Несколько моих жизней: Воспоминания. Записные книжки. Переписка. Следственные дела
Шрифт:
Кампания физического истребления врагов народа началась на Колыме, и Зуев поспешно известил уполномоченного, что он, десятник, сделал такое страшное преступление перед государством, попросил троцкиста написать ему жалобу. Именно об этом шла речь в декабре 1938 года, когда меня арестовали на прииске и привезли в Ягодное к начальнику местного НКВД товарищу Смертину.
– Юрист?
– Юрист, гражданин начальник.
– Писал жалобы?
– Писал.
– За хлеб?
– И за хлеб, и так.
– В тюрьму его.
Но все это было через год, и только сейчас я думаю, что Зуев
Помню, все это время я стремился где-нибудь поработать еще: уборка, пилка дров за юшку или корку хлеба. На такую работу после 14 часов забоя было нацелено все мое тело, вся моя личность, в мобилизации всех физических и духовных сил. Иногда это удавалось – то на пекарне, то на уборке, хотя было безмерно тяжело. И после этого, добираясь до койки, я падал в мертвый сон на один-два часа до нового рабочего дня. Но и Зуев – это все уже на «верхних» этажах человеческой воли.

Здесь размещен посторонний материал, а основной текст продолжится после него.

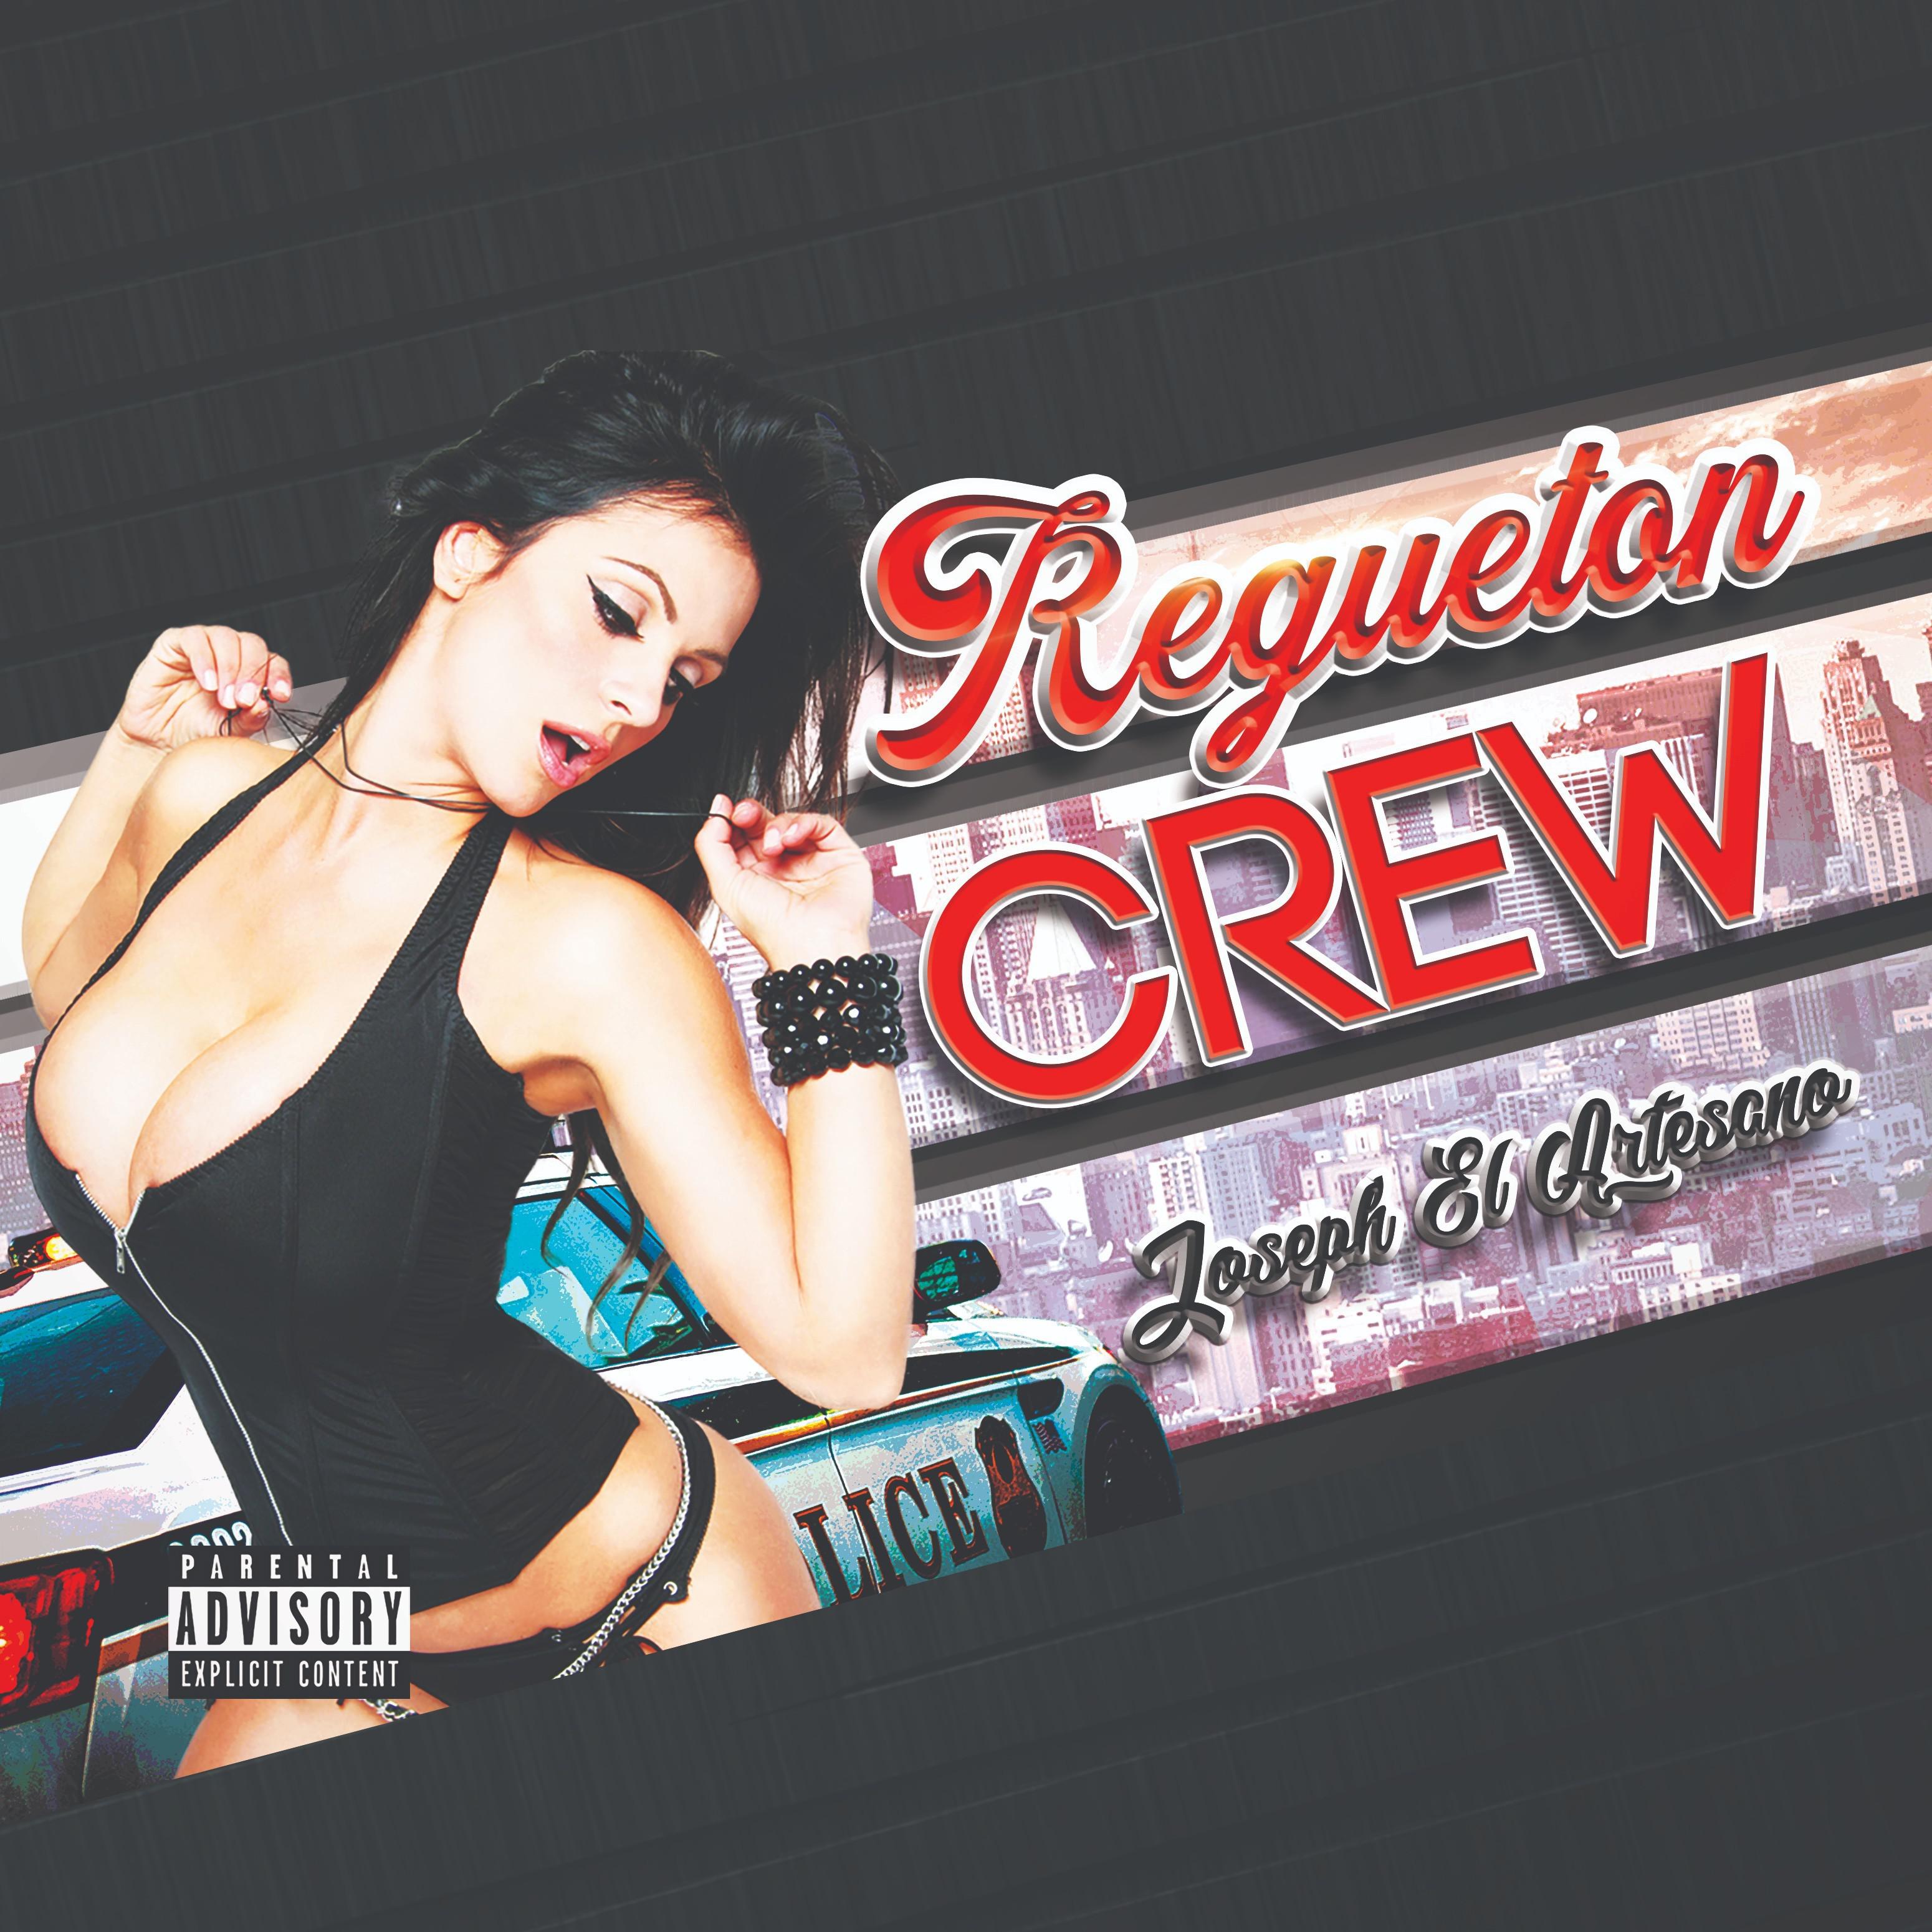 Regueton Crew

Работал я плохо с самого первого дня. И тогда, и сейчас считаю физическую работу проклятием человека, а принудительный физический труд и высшим оскорблением человека.
Конечно, для троцкиста были отменены всякие зачеты рабочих дней и прочие лагерные <премии>.
Сражение вчистую – кто устоит на ногах, кто умрет – знать каждому было дано, именно дано.
Насилие над чужой волей считал и сейчас считаю тягчайшим людским преступлением. Поэтому и не был я никогда бригадиром, ибо лагерный бригадир – это убийца, тот человек, та физическая личность, с помощью которой государство убивает своих врагов.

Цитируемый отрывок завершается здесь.